Whether we are writing or appending to a file will depend on the permissions used when calling fopen. Regardless, we can use a familiar function fprintf to perform the write/append. The arguments passed to fprintf are the same as before except we also pass the file identifier.

% open file for writing
fid = fopen('filename', 'w');

% write to file
fprintf(fid, 'format', variable(s));

% close file
cr = fclose(fid);

MAT Files

As you begin to use MATLAB for more complex data processing, you might find yourself in a situation where you would like to save all of the variables in your workspace to save yourself the hassle of redoing your work. We can use the save function to save our entire workspace or a specific set of variables. We can then open them later using the load function.
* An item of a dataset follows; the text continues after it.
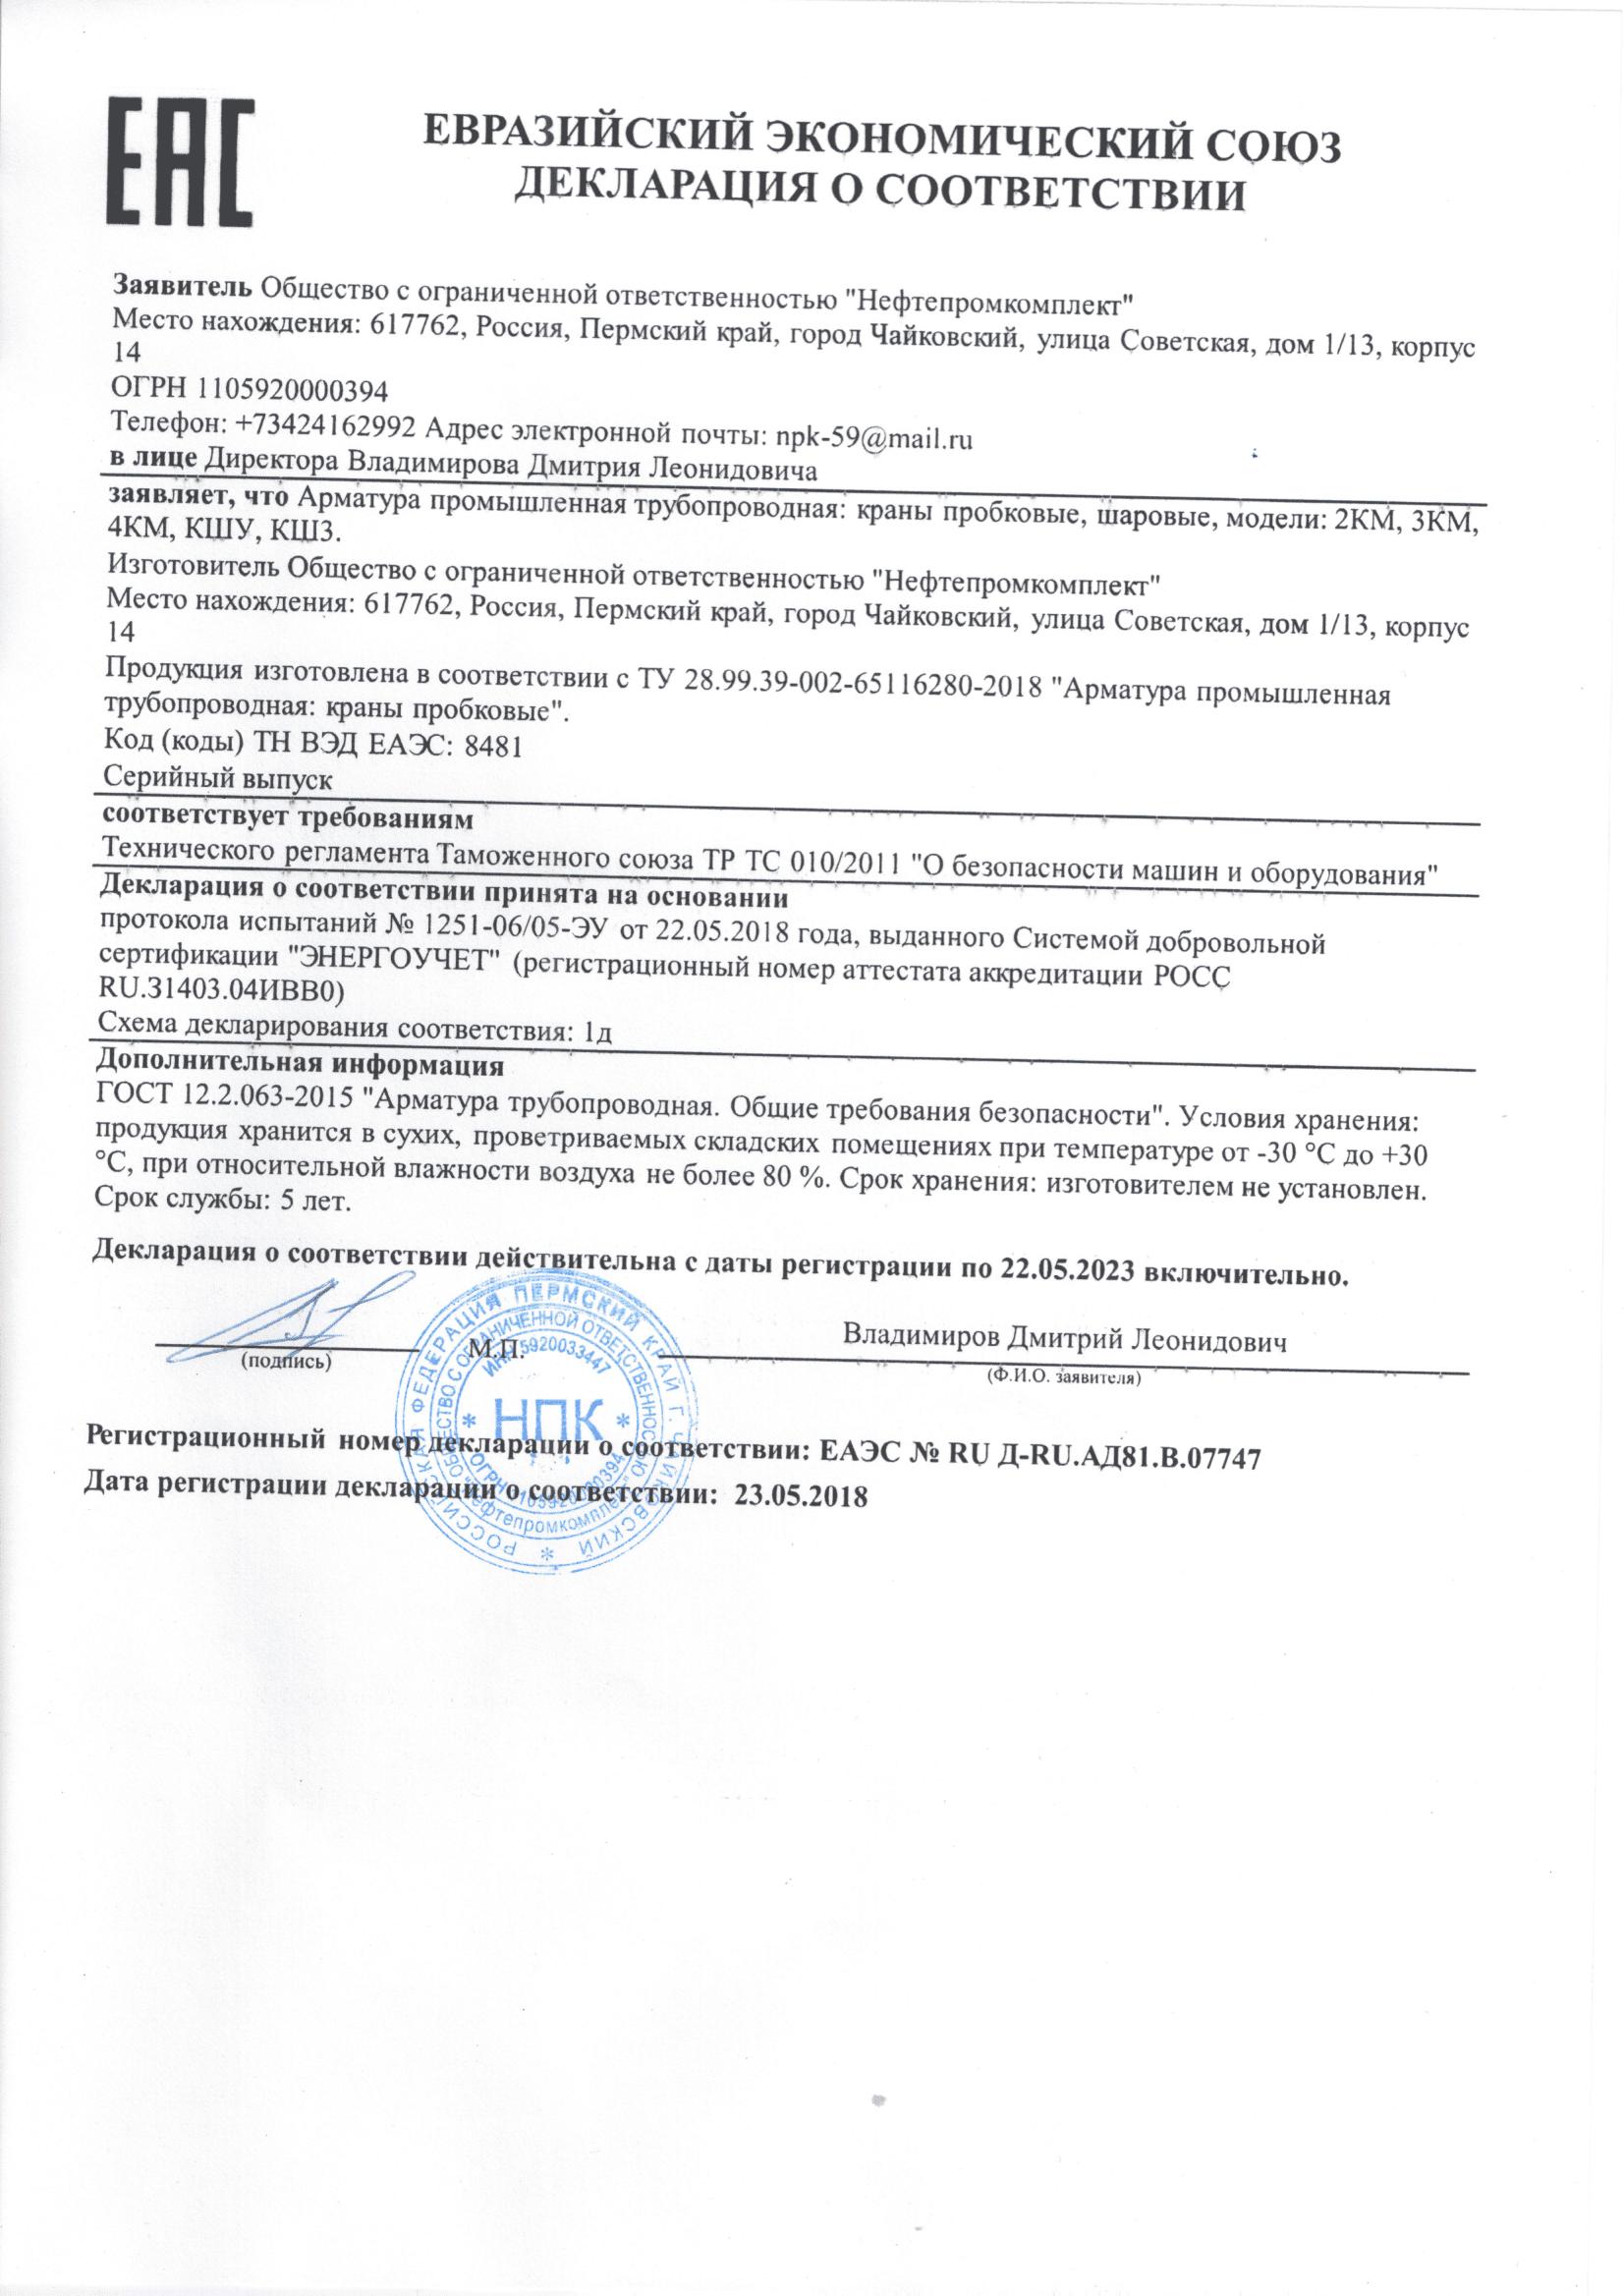 Декларация таможенного союза на краны пробковые и шаровые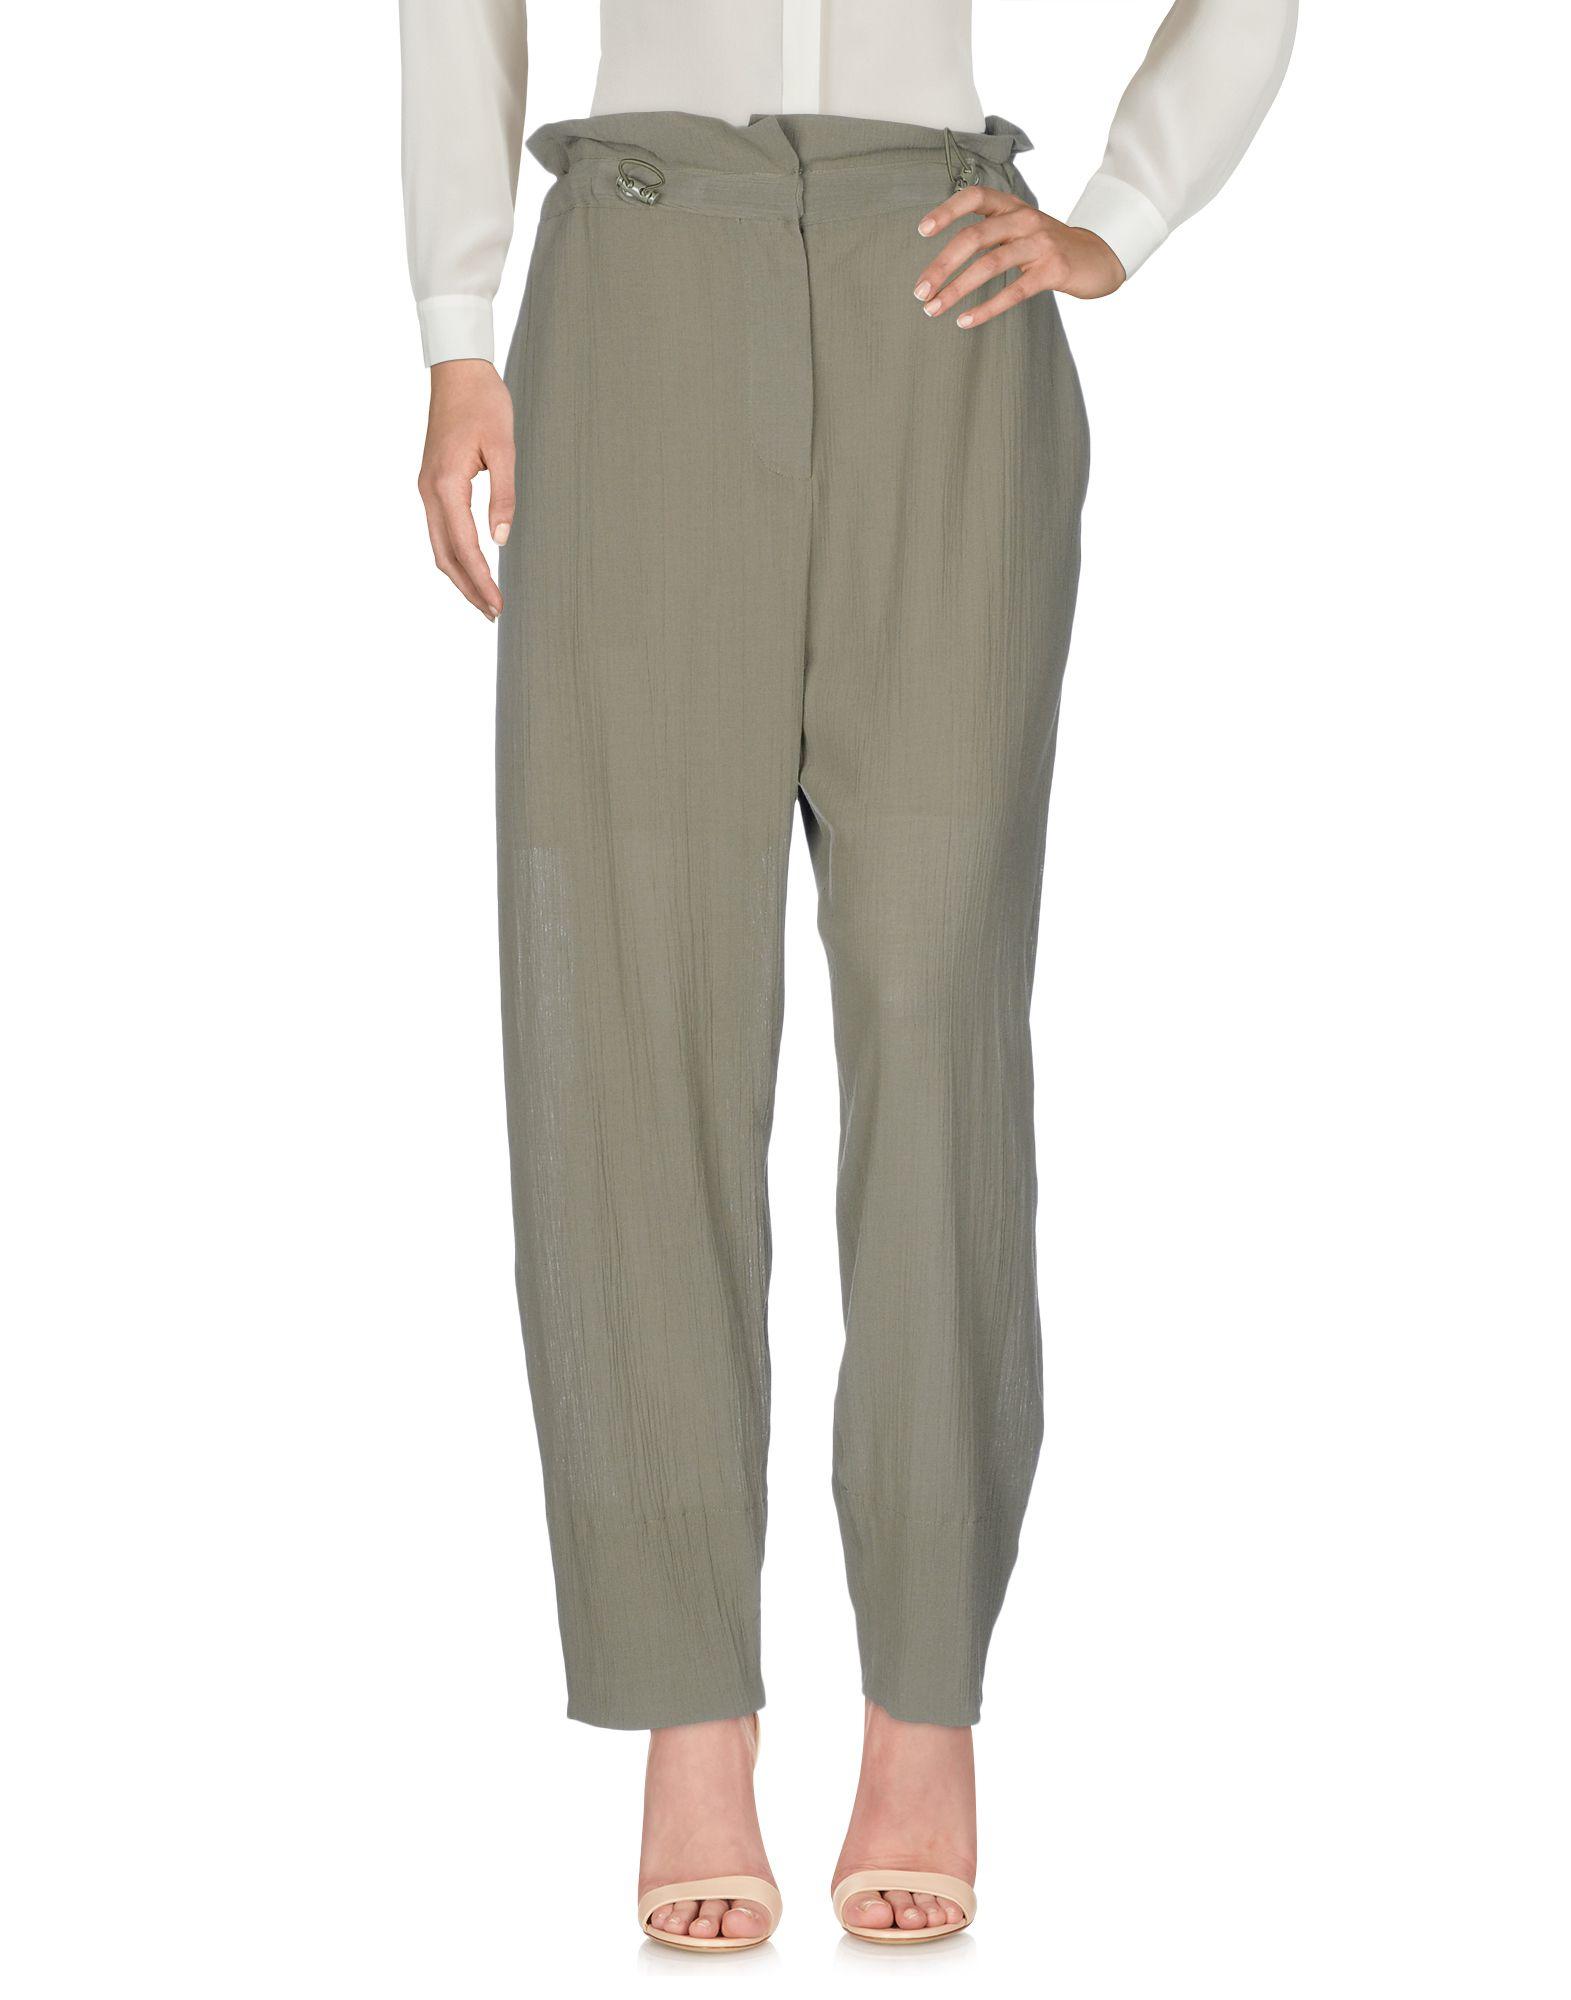 Pantalone Stella Stella Mccartney donna - 13109856UQ  bis zu 80% sparen

This is particularly helpful when you are in the middle of a project and have to leave for a meeting.

1
2
3
4
5
6
7
8
% save entire workspace
save filename

% save specific variable
save filename variable

% append variable to MAT file
save -append filename variable

Final Words

Today, we have seen file I/O functions that range from high-level to low-level. These should allow you to access data within a wide variety of file formats. Keep in mind, MATLAB has many other specialized functions for reading/writing specific file types (ex. xlsread for Excel files). In the next lab, we will play around with these functions and attempt to access data in files with unknown extensions.